# White film on top of water



## Peanut72

I cant figure out whats going on here. A couple of days ago i noticed a filmy residue forming on top of the water. after a day or so it turned to almost a skin type thing and and clumps up when you run your finger through it. I clipped out some of the not so healty looking plants and did a partial water change.thinking that had something to do with it. It seemed to go away for about a day, but its back again today. I tested the water and nitrates are at 10. Ammonia i want to say was at 0, but i forget at the moment. Wasnt anything alarming for sure. PH still at 7.0. Havent had any fish die so thats not the problem, but i fear it wont be long before i start to lose them.

I find it strange.

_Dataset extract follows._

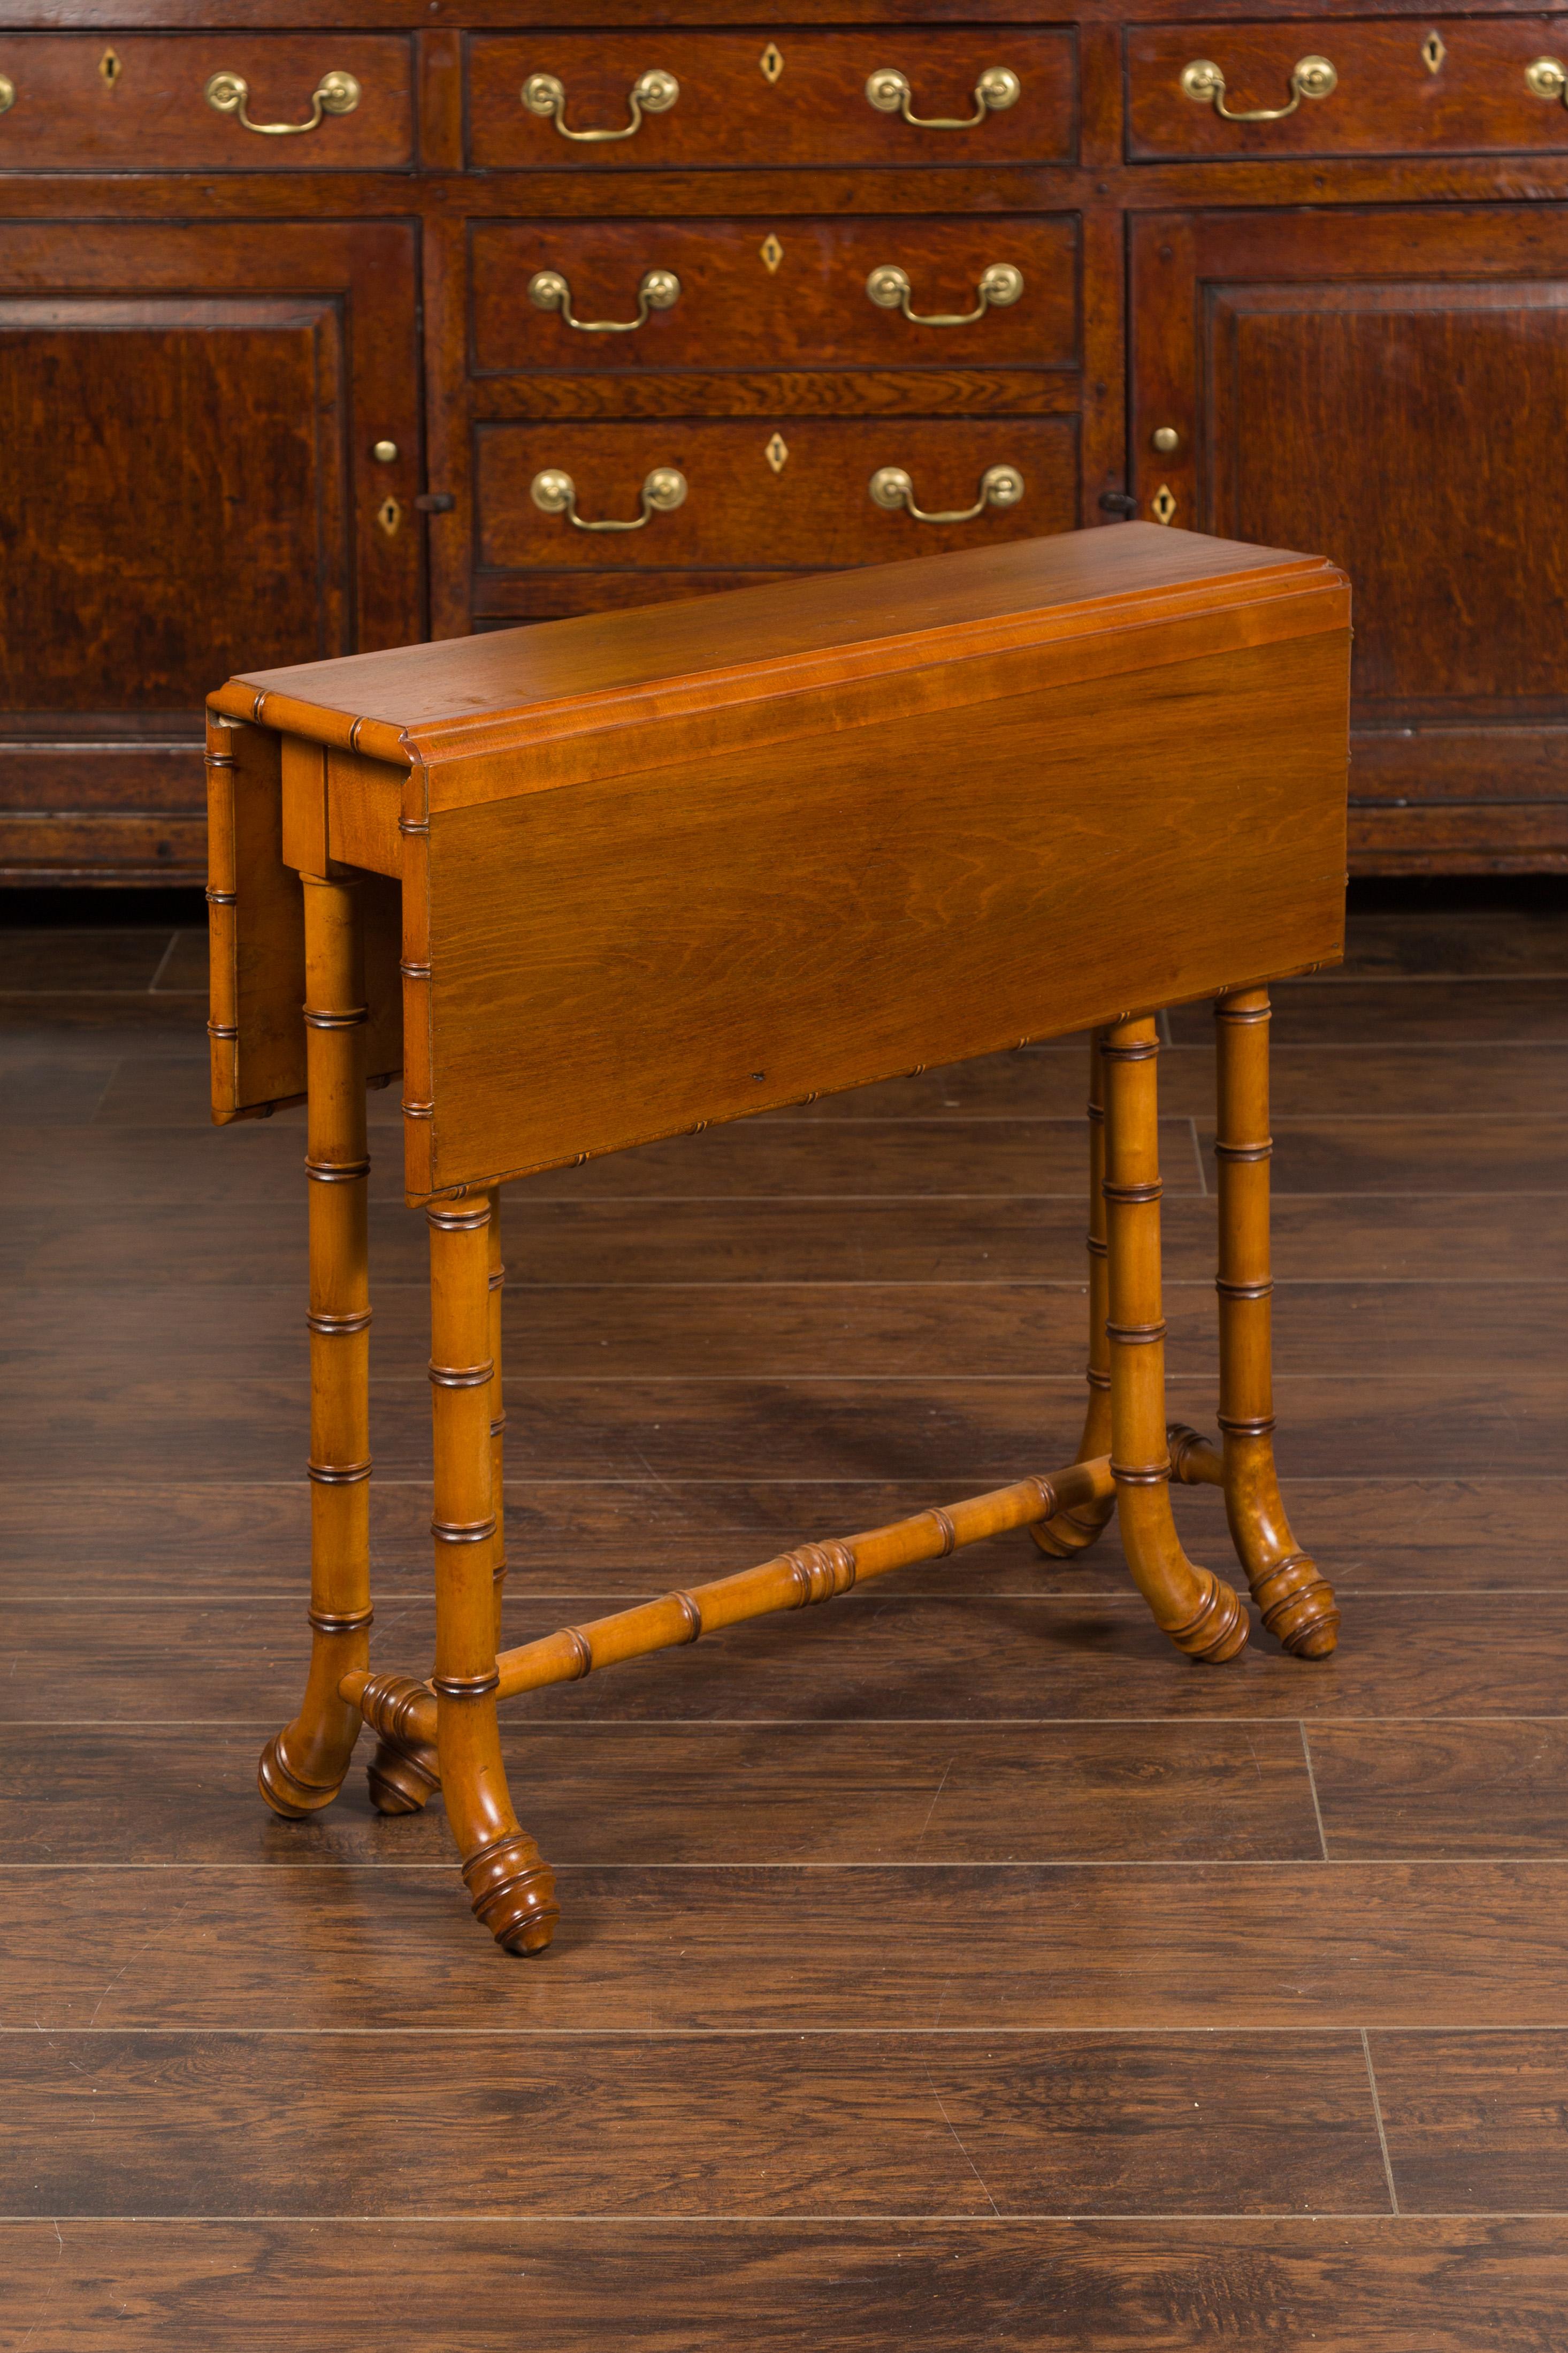 An English walnut drop-leaf table from the early 20th century, with faux-bamboo base. Created in England during the early years of the 20th century, this walnut table features a nearly square top presenting two drop leaves resting on swivel legs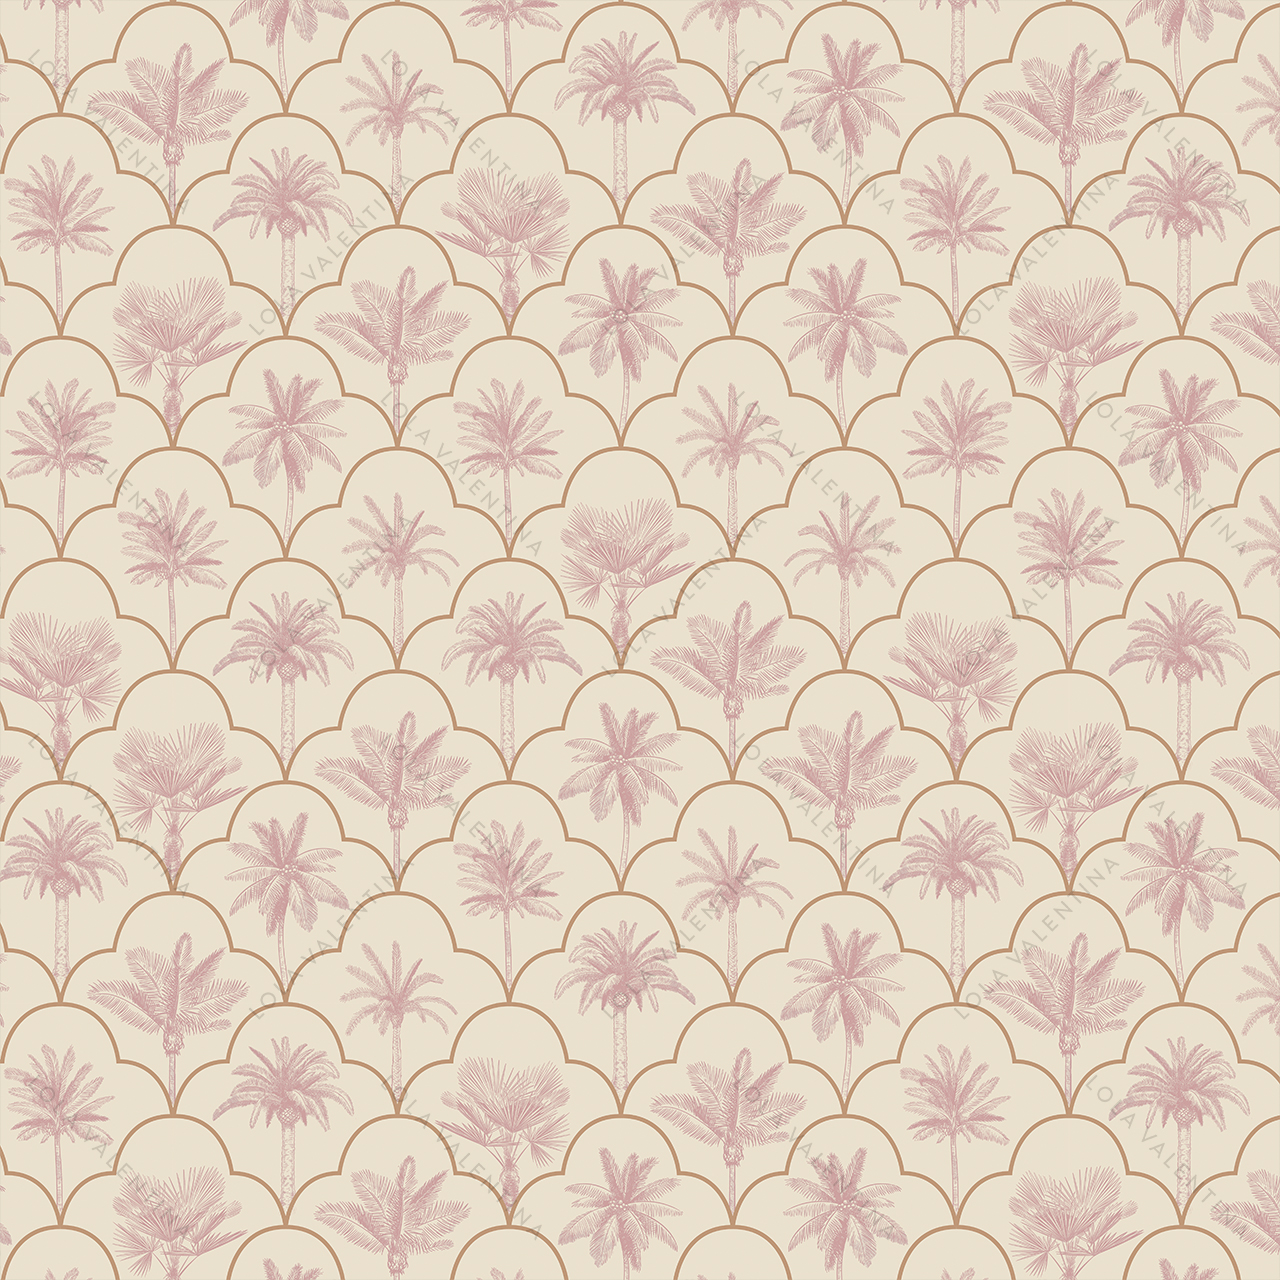 Blush-Ivory-Biscayne-Pattern-30x30-From-Deco-Collection-Lola-Valentina-High-End-Linen-Rental

While i was deplpoyed my wife never did anything with the tank but feed the fish every few days and top it off with water when needed. no water changes, no filter changes, no gravel vacs or any type of maintenance for 6 almost 7 months. It was in great shape with the exception of a very overgrown bunch of pennywort. Now im home and doing water changes, adding food for the plants and feeding regular and the water is all jacked up. 

But back to the topic, any idea what the white film on the top of the water could be and what might be causing it?

thanks
Todd


----------



## ladayen

Have you added any rocks or wood/driftwood recently?


----------



## Romad

Do you have surface agitation? The same thing happened to me when I set up my 75 gallon with a canister filter. I didn't have the spray/input bar pointing to the surface of the water and got that film (which is harmless).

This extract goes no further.